Navigating with Prev()
and Next()
In Next()
, the function calls
ParseNextKey()
. This includes some shared or non-shared
elements, which we don't discuss in this blog; we can simply consider it
as an entry to help us focus on the iterator implementation. The idea
behind this function is straightforward. We first calculate the next
data entry address. If it's beyond the data entry limit, return false.
Otherwise, decode this entry, set the value and key, and update the
restart_index when necessary (e.g., assume the current data entry is the
end of restart point 0 block; when we call
NextEntryOffset()
, the current data entry is in restart
point 1 field now, so we need to update the restart index too).
void Next() override {
assert(Valid());
ParseNextKey();
}
bool ParseNextKey() {
current_ = NextEntryOffset();
const char* p = data_ + current_;
const char* limit = data_ + restarts_; // Restarts come right after data
if (p >= limit) {
// No more entries to return. Mark as invalid.
current_ = restarts_;
restart_index_ = num_restarts_;
return false;
}
// Decode next entry
uint32_t shared, non_shared, value_length;
p = DecodeEntry(p, limit, &shared, &non_shared, &value_length);
if (p == nullptr || key_.size() < shared) {
CorruptionError();
return false;
} else {
key_.resize(shared);
key_.append(p, non_shared);
value_ = Slice(p + non_shared, value_length);
while (restart_index_ + 1 < num_restarts_ &&
GetRestartPoint(restart_index_ + 1) < current_) {
++restart_index_;
}
return true;
}
}
};
In Prev()
, because in a data block, data entries are
searched based on the 'restart point block'. A restart point will
contain a number of data entries, for example, 4. And in the image
below, assume we are now at entry 2 and we want to get to entry 1. Since
we don't have any information on how long an entry is, we cannot simply
subtract the length of entry 1 to get to entry 1. The only way to do
Prev()
is to find the restart point of this 'restart point
block' and then sequentially search and stop before entry 2.
void Prev() override {
assert(Valid());
// Scan backwards to a restart point before current_
const uint32_t original = current_;
while (Get
RestartPoint(restart_index_) >= original) {
if (restart_index_ == 0) {
// No more entries
current_ = restarts_;
restart_index_ = num_restarts_;
return;
}
restart_index_--;
}
SeekToRestartPoint(restart_index_);
do {
// Loop until the end of the current entry hits the start of the original entry
} while (ParseNextKey() && NextEntryOffset() < original);
}
How Does Seek()
Function Work?
Seek()
has one single parameter which is the target. The
target is the key we want to find in this data block.

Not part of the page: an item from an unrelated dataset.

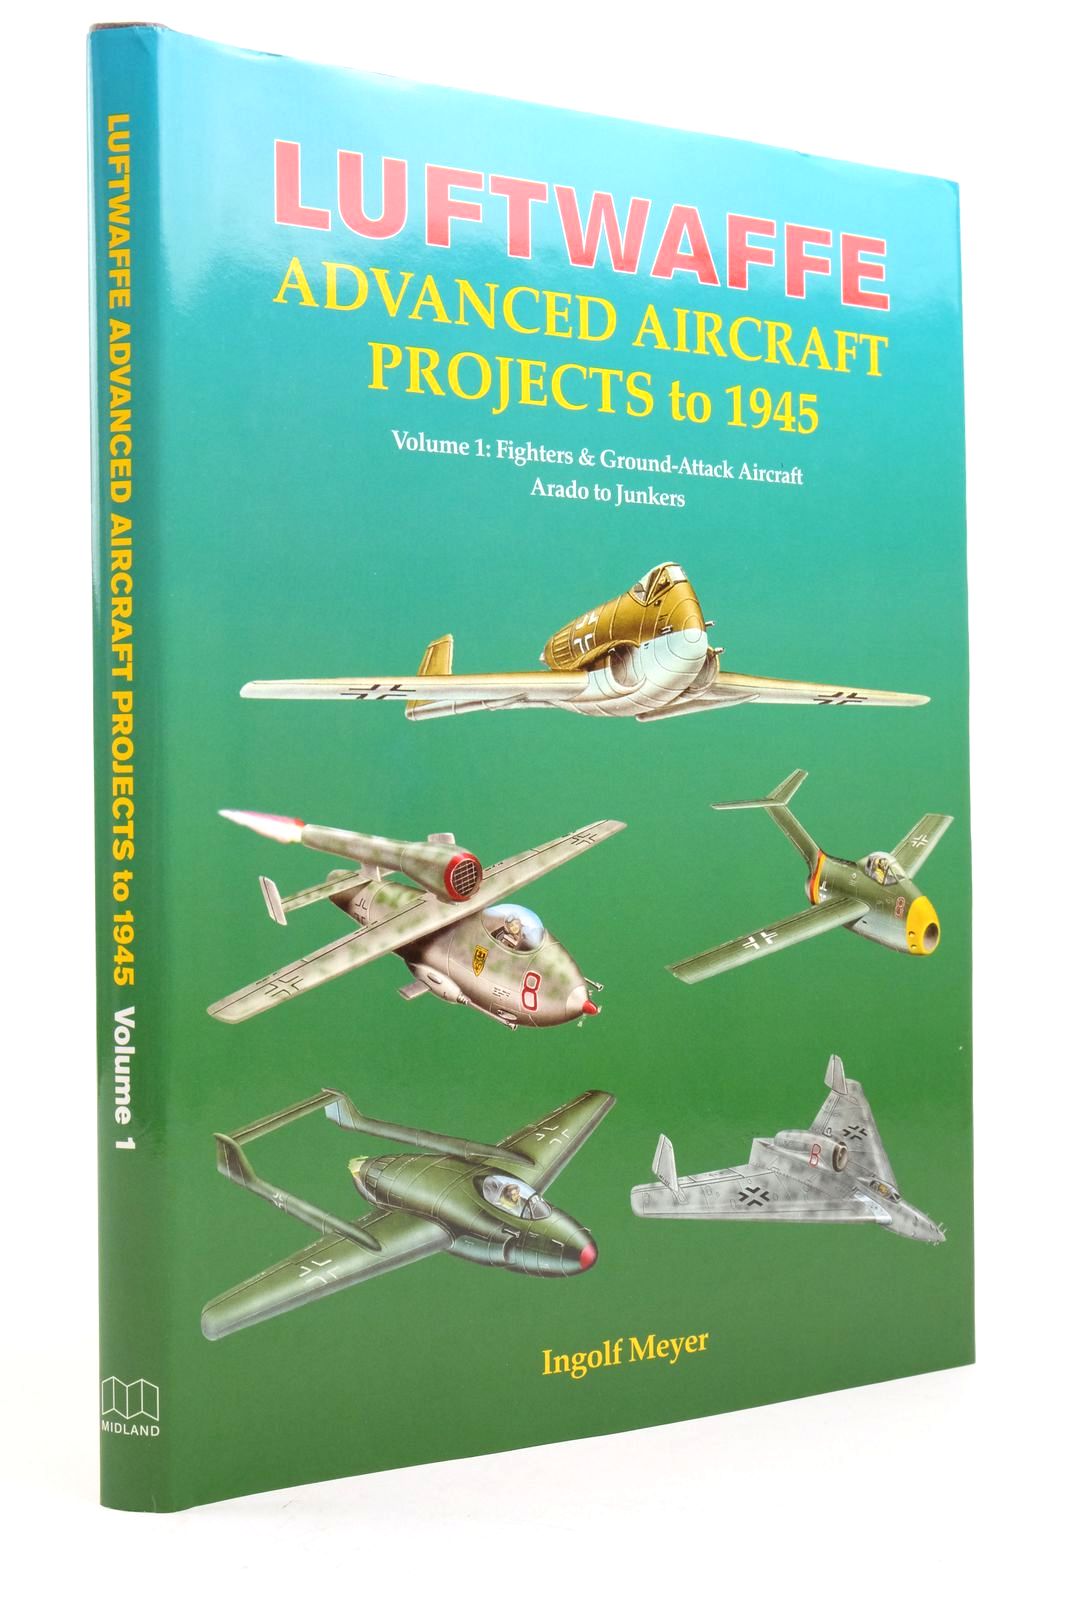 Photo of LUFTWAFFE ADVANCED AIRCRAFT PROJECTS TO 1945 VOLUME 1 written by Meyer, Ingolf published by Midland Publishing (STOCK CODE: 2138578)  for sale by Stella & Rose's Books

The simple idea is
that we can compare the key entry by entry until we find the entry we
want. But remember data entries are divided into many restart point
blocks? So we can first use a restart point to search the restart point
block that the target might locate in, using binary search. Once we find
the specific restart point block, we can use linear search to walk
through and find the target.
void Seek(const Slice& target) override {
// Binary search in restart array to find the last restart point
// with a key < target
uint32_t left = 0;
uint32_t right = num_restarts_ - 1;
int current_key_compare = 0;
if (Valid()) {
// If we're already scanning, use the current position as a starting
// point. This is beneficial if the key we're seeking to is ahead of the
// current position.
current_key_compare = Compare(key_, target);
if (current_key_compare < 0) {
// key_ is smaller than target
left = restart_index_;
} else if (current_key_compare > 0) {
right = restart_index_;
} else {
// We're seeking to the key we're already at.
return;
}
}
while (left < right) {
uint32_t mid = (left + right + 1) / 2;
uint32_t region_offset = GetRestartPoint(mid);
uint32_t shared, non_shared, value_length;
const char* key_ptr =
DecodeEntry(data_ + region_offset, data_ + restarts_, &shared,
&non_shared, &value_length);
if (key_ptr == nullptr || (shared != 0)) {
CorruptionError();
return;
}
Slice mid_key(key_ptr, non_shared);
if (Compare(mid_key, target) < 0) {
// Key at "mid" is smaller than "target". Therefore all
// blocks before "mid" are uninteresting.
left = mid;
} else {
// Key at "mid" is >= "target". Therefore all blocks at or
// after "mid" are uninteresting.
right = mid - 1;
}
}
// We might be able to use our current position within the restart block.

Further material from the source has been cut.